Descriptive layer - Create databases for individual prospect counting stats, demographic and attribute profiles (age, league, size, etc.), as well asl relevant microstats if possible.

Predictive layer - Create prospect probability and draft position value models that help forecast the potential value of a given pick or the probability a certain player will become an NHL star.

Prescripive layer - Leverge your data and models to tune an AI that will create recommended ranked draft listings using all available draftable players. Deep dive into recommendations that seem counter to convention or your own intuitions.
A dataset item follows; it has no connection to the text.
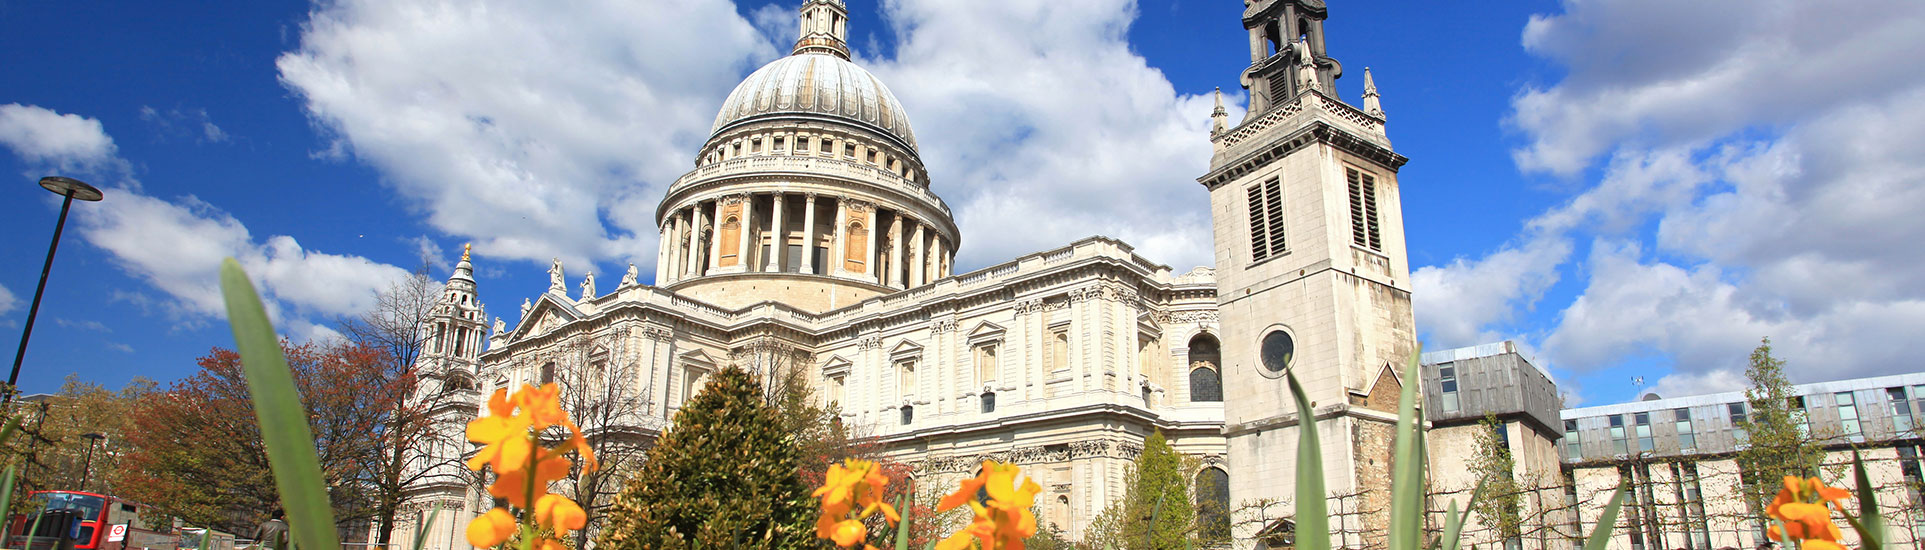 tourhub | Just Go Holidays | Spectacular St Paul’s Cathedral & London 
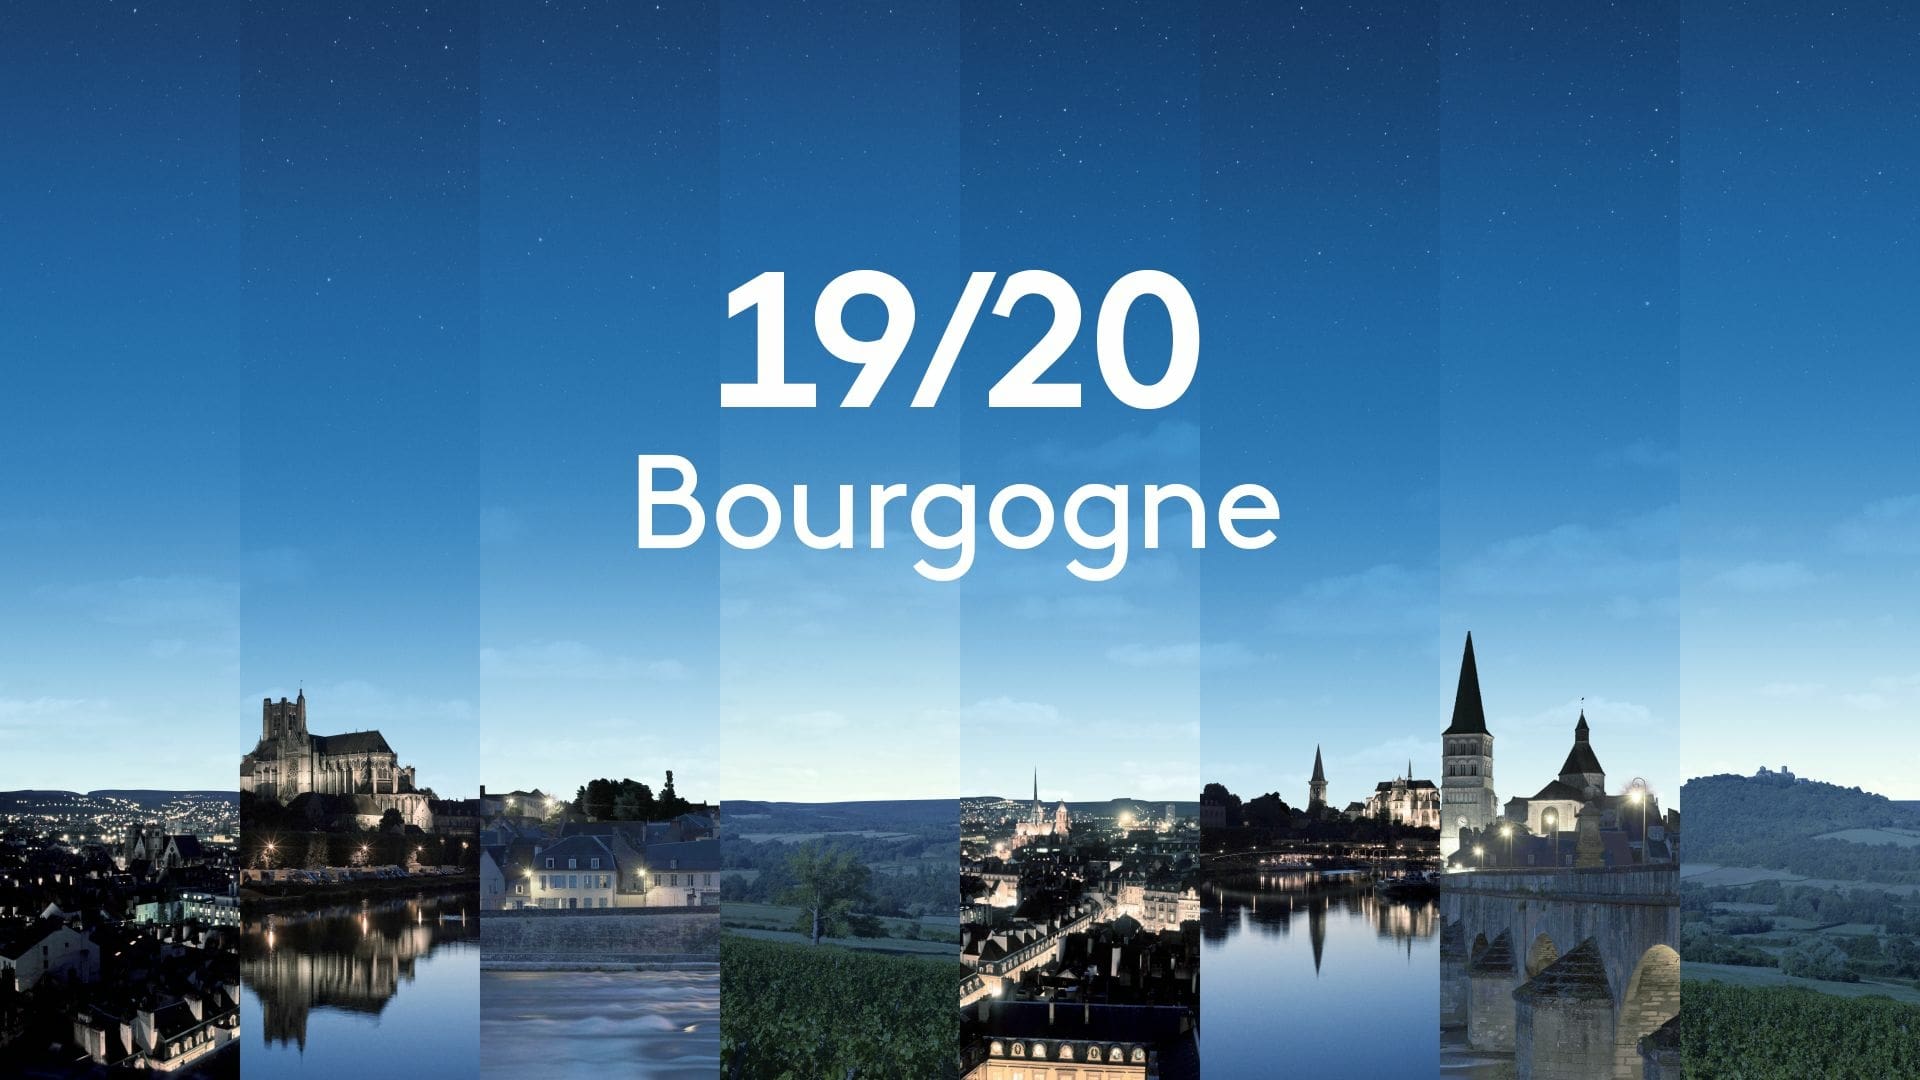 19/20 France 3 Bourgogne of Thursday 12 January 2023 – Launch of the National Plan to prevent falls in the BFC region

Create a system where you can feed in scenarios to see how/if the recommendations change.

To summarize, a full, integrated stack of data and analytics tools will look something like this (via Alteryx):

What I’m reading:

Alison Lukan on the secret strength of Oliver Bjorkstrand’s game. Bjorkstrand is an intriguing player in that his underlying number profile resembles that of a star, but he has mostly been deployed as a second or third line player in Columbus so far.

Bjorkstrand was a big scorer in junior and collects points at an efficient clip as well. Alison does a deep dive into Bjorkstrand’s defensive metrics here, however, to show that the player seems to have a huge impact south of the red line as well.

Ryan Clark on wow the Seattle Kraken are building a league-leading analytics staff ($ - paywall alert). Will the newest NHL team’s large, diverse, and talented analytics department given them a leg up when they finally hit the ice (spoiler: almost certainly yes).

Loserpoints argues that standing points above replacement (SPAR) is a more intuitive metric than wins above replacement (WAR).

Recommended tools - MyMind. I collect a lot of references and links in my virtual travels. MyMind is a new tool that acts as a kind of convenient “dumping ground” for useful stuff. It includes an easy search feature built on AI that assists in sorting through whatever you put there as well.